思い出すのは遠い昔のこと。20年前、幼稚園の年中だった2人は母親同士の仲が良く、お互いの家を行き来していた。リビングでテレビを見ながら談笑する母親たちのもとに2つの賑やかな足跡が近づく。

「ママ、ママ!桂ちゃんが将棋教えてくれたの!だからセーラも将棋できるようになったんだよ!桂ちゃんすっごく強いんだよ!」
「あら、そうなの?桂太くん将棋がさせるの?」
「主人が教えたんです。そしたらすごくはまっちゃったみたいで。私じゃ相手にならないからって、主人が帰ってくるなり夜遅くまでずっと2人で指しててほんと困っちゃうわ」

 桂太に代わり、桂太の母が答える。

「えー、桂ちゃん、桂ちゃんママにも勝っちゃうの?大人より強いなんて天才だね!」
「え、そうかな。パパにはまだ勝てないけど」

 桂太は照れながらも嬉しそうに答えた。その時、放送していたバラエティ番組が別のコーナーに切り替わる。
「みんなー!こんにちはー!桜田カリンです!今日は少年野球チーム、四丁目サンダースのみんなの応援に来ましたー!」
20年前一世を風靡したカリスマアイドル、桜田カリンが全国のスポーツ少年に会いに行く番組の1コーナー。聖來と桂太も桜田カリンが大好きだったので、カリンの登場に湧きたった。

「カリンちゃんだー!」

 当然テレビの中の野球少年たちは皆、生のアイドルの登場に2人以上に大喜びしている。

「これからもみんなのこと応援してるよ!それでは、最期に四丁目サンダースのみんなのために1曲歌おうと思いまーす!」

 再び少年たちの歓声が上がる。カリンは見事な歌とダンスを披露し、番組は次のコーナーへと移った。

「いいなあ。僕もカリンちゃんに会いたいなあ」

 桂太がポツリと呟く。

「桂ちゃんすっごく将棋頑張ってるから、きっとカリンちゃんも応援に来てくれるよ!」
「ええ、無理だよ。サッカーとか野球とかスポーツやってる子のところにしかカリンちゃんは来てくれないよ。将棋はスポーツじゃないもん」

 桂太は溜息をついた。幼稚園児にマインドスポーツという概念があるわけもないうえに、実際に桜田カリンが訪問していたのはいわゆる運動少年ばかりだった。

「じゃあさ、カリンちゃんの代わりにセーラがアイドルになって桂ちゃんを応援してあげるっていうのはどう?」

 聖來が天才的な名案を思い付いたとでもいうように自信満々に提案した。微笑ましい発言に母親たちはニコニコと笑っている。

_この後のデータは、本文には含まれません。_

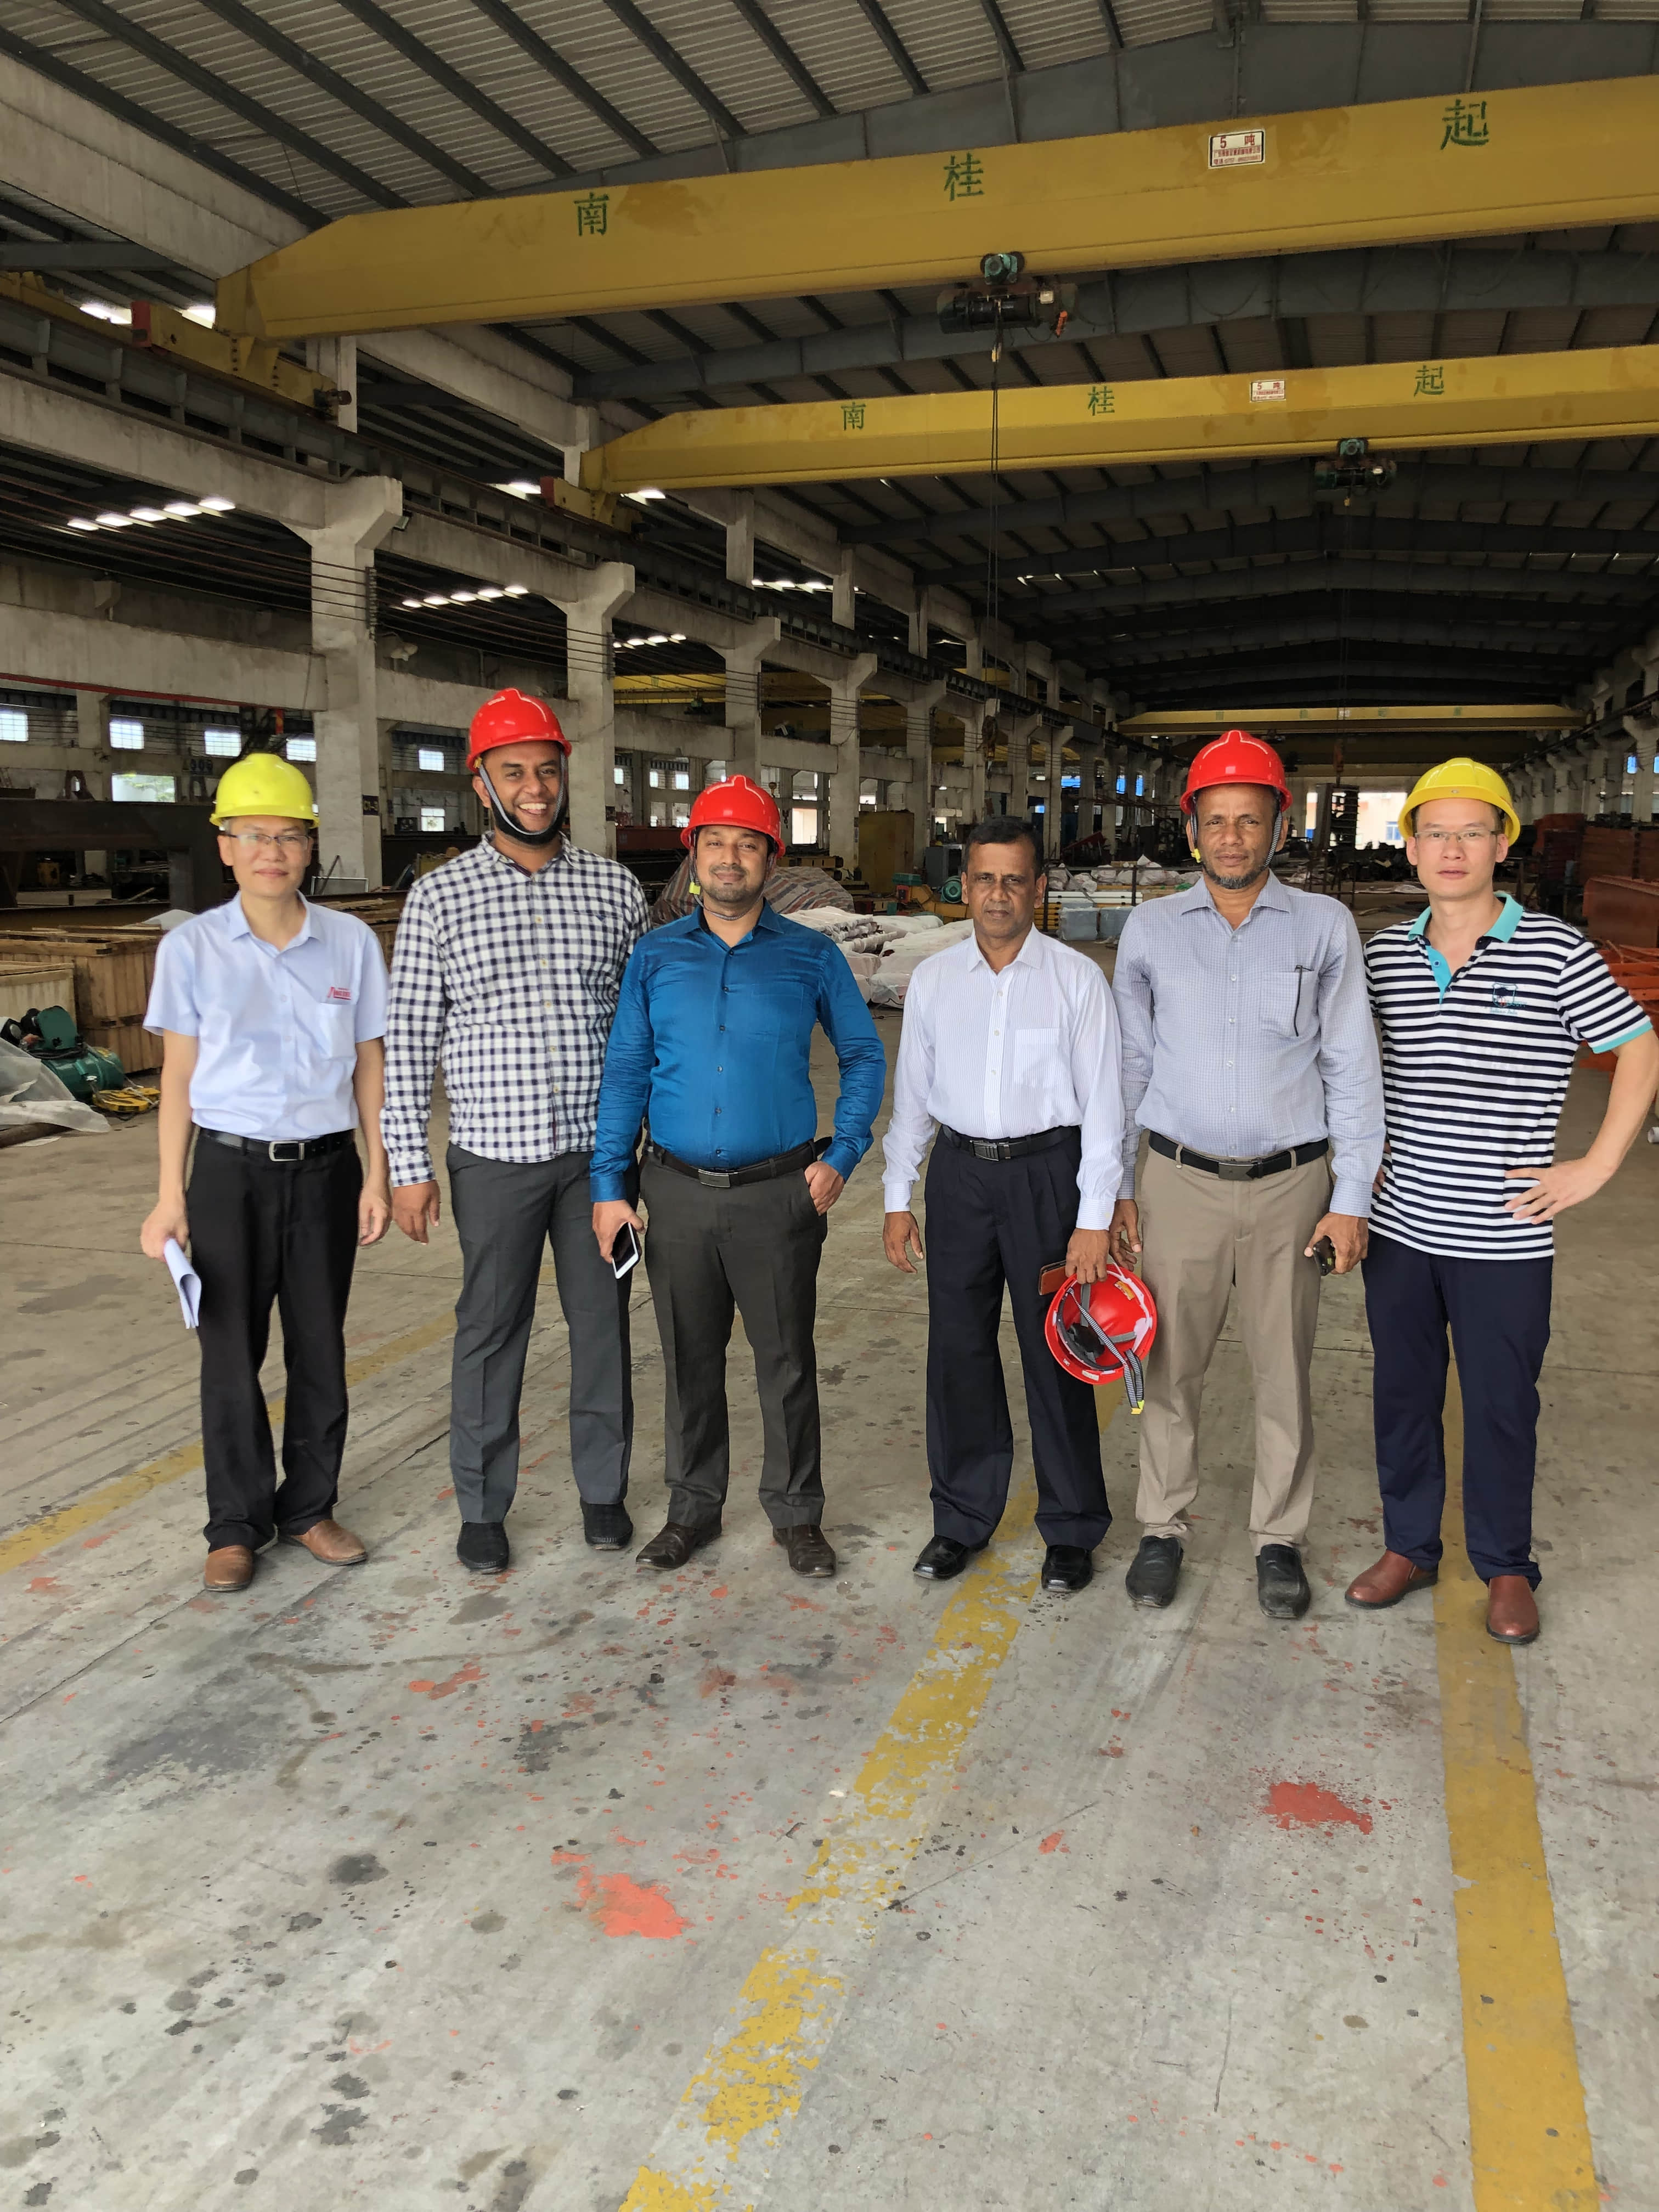 In 2019, "One Belt And One Road" - Sri Lankan customers came to the company to inspect the goods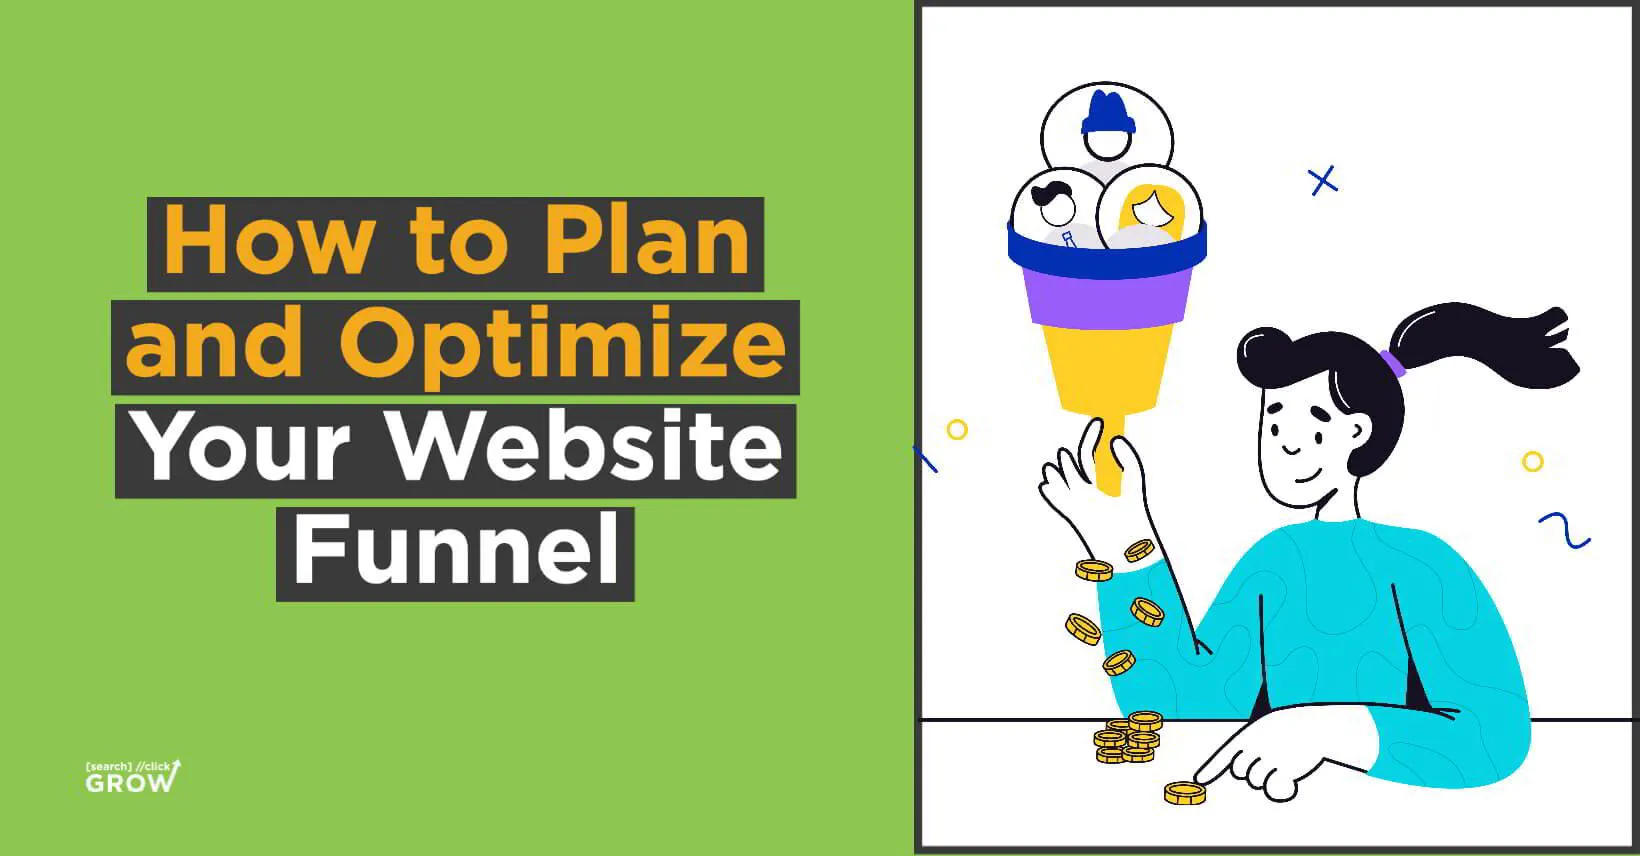 How to Plan and Optimize Your Website Funnel

 聖來は先ほど桜田カリンが歌った曲を振りつきで歌い出した。

「さすが聖來ちゃん、上手ね。この間もお遊戯会もセンターだったものね」
「この子、家でいつも歌って踊ってるんですよ」

 温かい目で見守る母親たち。先ほどまで落胆していた桂太の目に光が蘇る。

「すごいっ、セーラちゃんなら絶対アイドルになれるよ!」

 大人の目から見れば幼稚園児にしては上手ではあるものの拙い踊りでも、桂太の目にはセーラが本物のアイドルのように映っていた。

「ほんと?ねえ、桂ちゃんはセーラがアイドルになって桂ちゃんの将棋応援したら嬉しい!」
「うん、すっごく嬉しい!セーラちゃん、カリンちゃんよりもすごいアイドルになってよ!」

 これがすべての始まりだった。